Last night I was needing some comfort, and the obvious first place to look for it was in my kitchen. Rummaging around in my cabinet, I spied the usual suspects: mac & cheese, brownies, my roommate's chips ahoy. "No, no, no, that's not it at all," I found myself lamenting. "Why doesn't my kitchen cabinet understand how I feel?"
And that's when I saw the humble butternut squash resting on the third shelf. During my last weekly shopping trip I had gathered the ingredients for an intriguing recipe that has appeared in my most recently copy of Gourmet. The roasted butternut squash galette had caught my eye, as it reminded me of the best pizza I have ever eaten (butternut squash with asiago, sage, and caramelized onions, which I stumbled upon in a small cafe called Veggie Planet hidden in a Boston suburb.) The recipe looked easy enough for my battered brain to handle, so I retrieved my gourd and went to work.
An hour's work resulted in a pastry that was everything I had hoped and dreamed it would be. A tried and true comfort food. Warming through and through. Having discovered this secret, I wondered if I were now obligated to send roasted butternut squash galettes to each and every person who has had a rough day. I almost wish I could. But since I'm not sure how I would safely send a flakey tart through the United States Postal Service, perhaps I should just tell you how to go about making your own. After all, if you're in need of a bit of comfort, I highly recommend turning to this warm, savory pastry. It has charming goat cheese, lovable sauteed leeks, soothing chopped sage, and sweet butternut squash all baked into a flakey pastry made golden with brushed on eggs. While my dinner didn't and couldn't fix all my troubles, one warm bite was enough to convince me that, in the end, everything was going to be alright.
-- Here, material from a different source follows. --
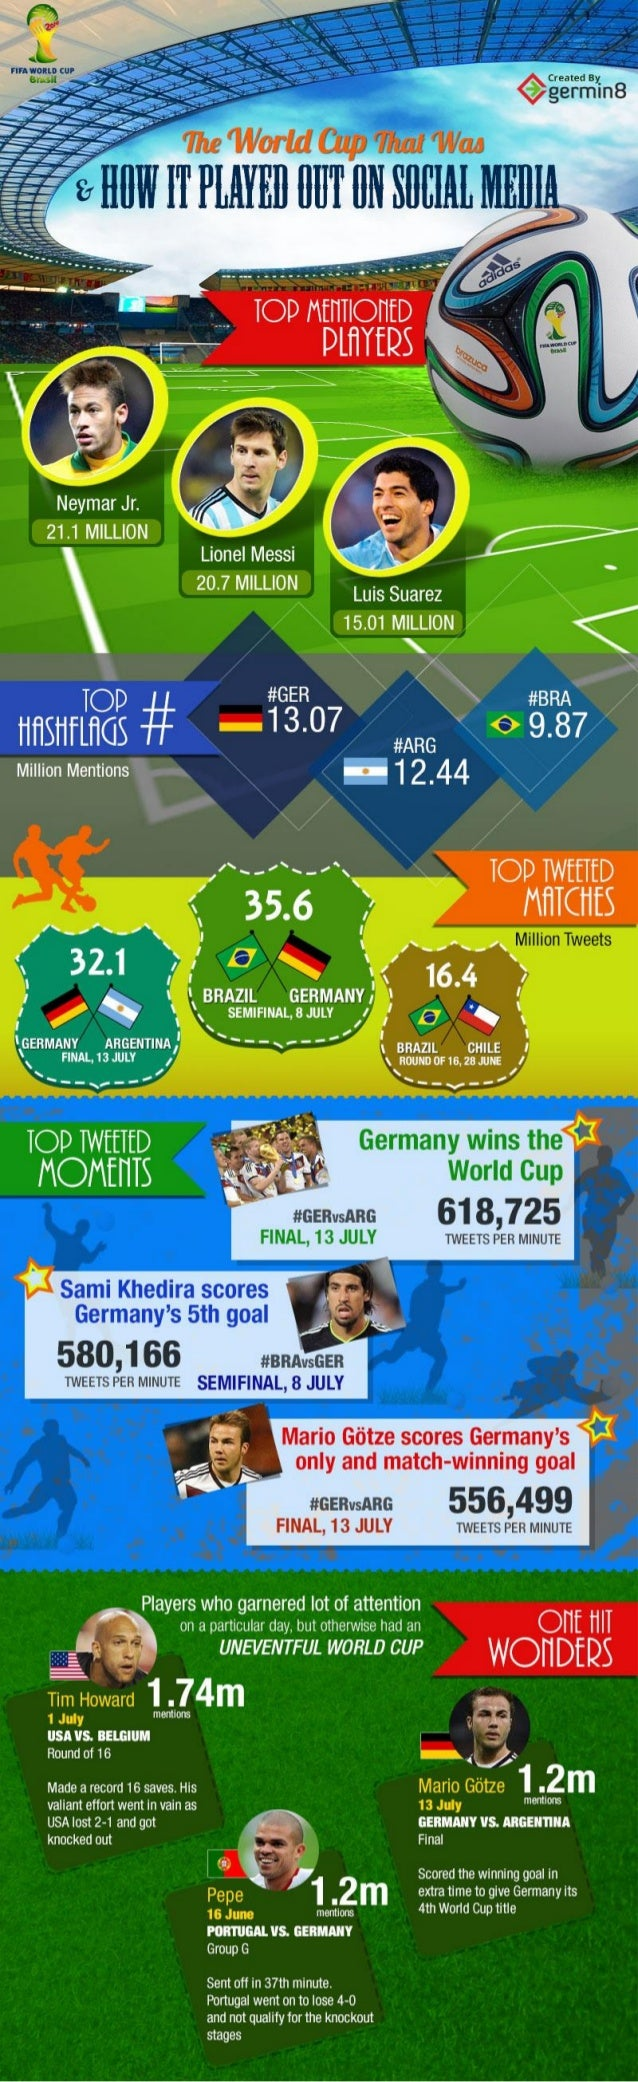 FIFA World Cup 2014: A Social Media Analysis

Roasted Butternut Squash Galette
Adopted from Gourmet Feb. 09
Ingredients - For Pastry
1 1/4 cups all-purpose flour
1 stick cold unsalted butter, cut into 1/2 inch cubes
1 tablespoon chopped sage leaves
1/2 teaspoon fine sea salt
4 to 6 tablespoons ice-cold water
1 large egg, lightly beaten
Ingredients - For Filling
1 (2 lb.) Butternut squash, peeled, seeded, and cut into 2 by 1/4 inch slices
1/2 teaspoon fine sea salt
3 tablespoons olive oil, divided
2 leeks (white and pale green parts only), thickly sliced crosswise
6 oz soft mild goat cheese, crumbled
Step one: Make the dough. If you are short on time, you can always use a pie crust mix instead. That being said, a mix will never ever be as delicious as one you make yourself from good quality butter. Pulse flour, butter, sage, and sea salt in a food processor until mixture resembles coarse meal. If you do not have a food processor, use a hand-held pastry cutter instead. Drizzle ice water evenly over the mixture and pulse or mix until it just forms a ball. Gently press dough into a 5 inch disk and chill, wrapped in plastic wrap, until firm, at least 1 hour.
Step two: While dough chills, start your filling. Preheat oven to 500 degrees F with rack in the middle position. Toss squash with sea salt and 1 tablespoon oil and arrange in 1 layer in on a large baking sheet. Roast, stirring once halfway through, until golden brown on edges and undersides, 20 to 25 minutes. Remove squash from oven and reduce oven temperature to 375 degrees F.
Step three: Wash leeks, then cook in remaining 2 Tablespoons oil with a pinch of sea salt in a 10 inch heavy skillet over medium heat, partially covered, and stirring occasionally, until tender, 10 to 15 minutes. Transfer to a large bowl to cool slightly. Add squash, goat cheese, and 1/4 teaspoon pepper and toss gently.
Step four: Roll out dough into a 13 inch round on a lightly floured surface with a lightly floured rolling pin. Transfer to a baking sheet. Arrange filling in an even layer in center of dough, leaving a 2 to 3 inch border. Fold dough in on itself to cover outer rim of filling, pleating dough as necessary. Brush pastry with beaten egg and bake galette until crust is cooked through and golden on edges, 35 to 45 minutes. Cool on baking sheet on a rack 10 minutes before serving.